The goose population seen on campus this winter will not be here to stay.
As the year began to cool, gaggles of geese began to populate MSU.
However, these birds were different from their deceased counterparts.
Clay Shipes, a migratory game bird biologist, said that the geese seen on campus during the winter were migratory geese, a completely different subspecies than the resident geese of Sikes Lake.
“A migratory goose is one that will be down here during the winter but will then go up north during the spring summer time period, live out its life cycle, will raise young, et cetera up in the northern latitude,” Shipes said
These birds are inherently different from the resident geese, also known as “honkers,” that lived in Sikes Lake back in June.
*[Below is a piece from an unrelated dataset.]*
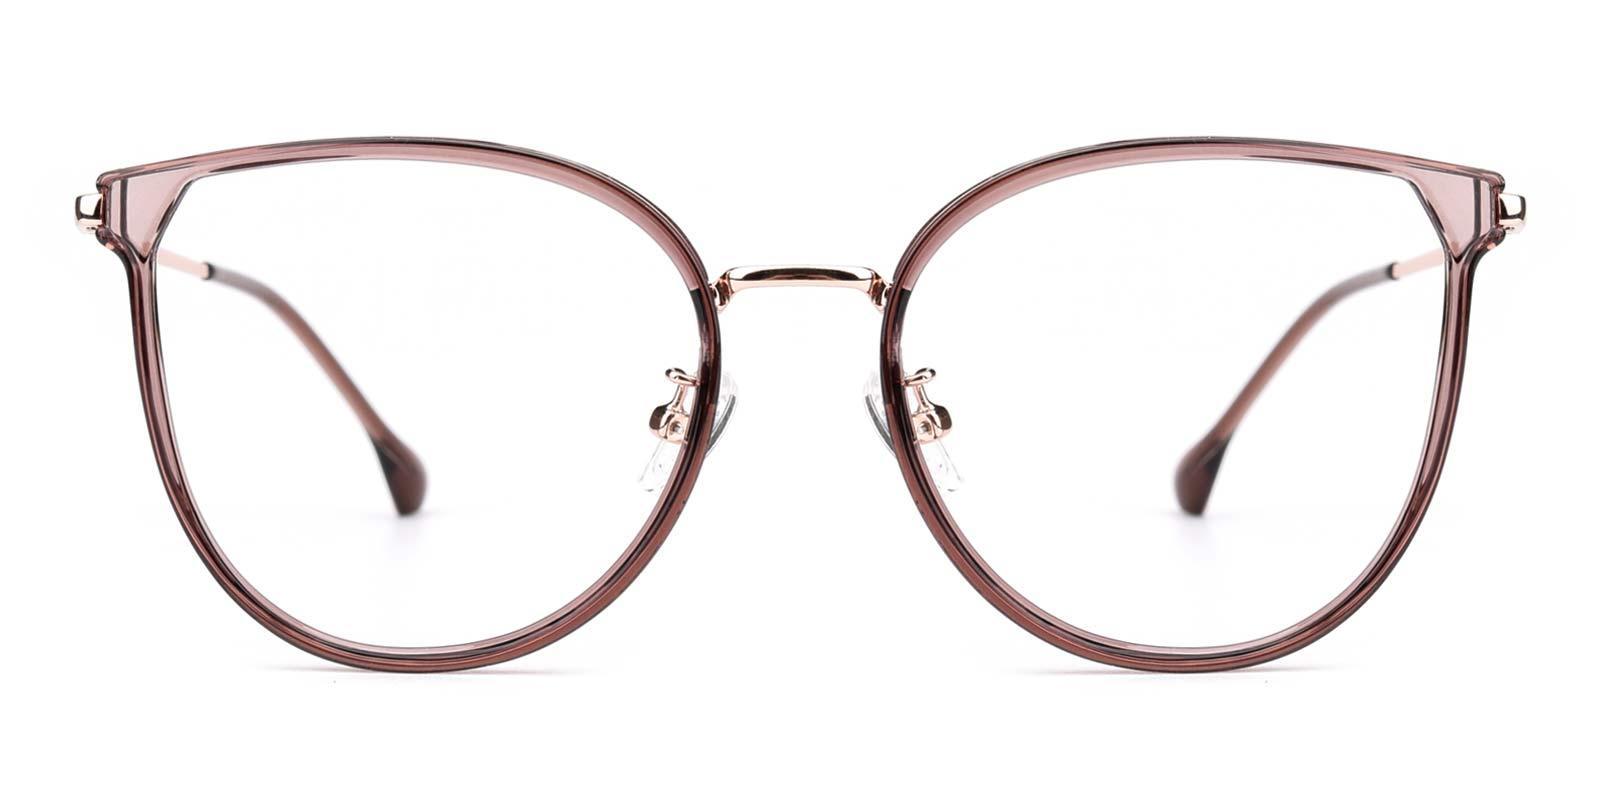 Moonlight-Purple-Round / Cat-TR-Eyeglasses-detail

Migratory Canada geese, also called “cacklers,” are often smaller in size and have different dietary habits.
“They always have to feed,” Shipes said, “They have to feed grain heavy during certain times of the year or they have to build up their fat reserves so that they can fly south.”
In stark contrast, resident geese are often much larger and do not have this same inherent need to eat. They are not programmed to go back north for winter, so building up fat reserves isn’t a necessity.
“A resident goose basically just maintains body condition,” Shipes explained, adding, “Throughout the summer they’ll put a little bit of fat on to get ready for the winter, that type of thing, but they love golf-courses, they love lawns, they love, just any type of green shoots, grass, things like that. They don’t have the ecological or evolutionary drivers of a migratory goose.”
Elizabeth Machunis-Masuoka is researching antibiotic resistance with a focus on the resident geese in Sikes Lake. She found that the microbiomes in the stomachs of resident geese are different to their migratory counterparts.
“One of the things we have also noticed is that if you look at resident birds, so birds that are around people a lot, their gut microbiome starts to take on characteristics of humans,” Machunis-Masuoka said, adding, “So you start to see they carry more E. Coli. But if you look at geese that are remote, away from people, E. Coli is not their dominant gut bacteria.”
But why do some Canada geese migrate while others take residence in places like Wichita Falls?
Cacklers tend to migrate due to weather patterns and food.
“It’s basic waterfowl migration, water freezes up so they don’t have access to water and snowfall, so they feed in agricultural fields around. So, enough snow falls on those fields so they can’t access those resources so that’s the historic driver for migration,” Shipes explained, adding, “Basically they can’t find the basic food resources they need to survive, so they come south.”
As for why some of these geese decide to remain, Shipes said some of the bigger Canada geese figured out it would be easier to stay in Wichita Falls than to migrate.
“Some of the big Canada geese have figured out that they can stay south and they’ve turned into resident geese,” Shipes said.
These geese like to take up residence in permanent bodies of water, like Sikes Lake. Unlike cacklers, Honkers don’t have any natural predators, so their population can grow a lot faster. If unchecked, it can lead to overpopulation which can cause damage to the ecosystem they live in.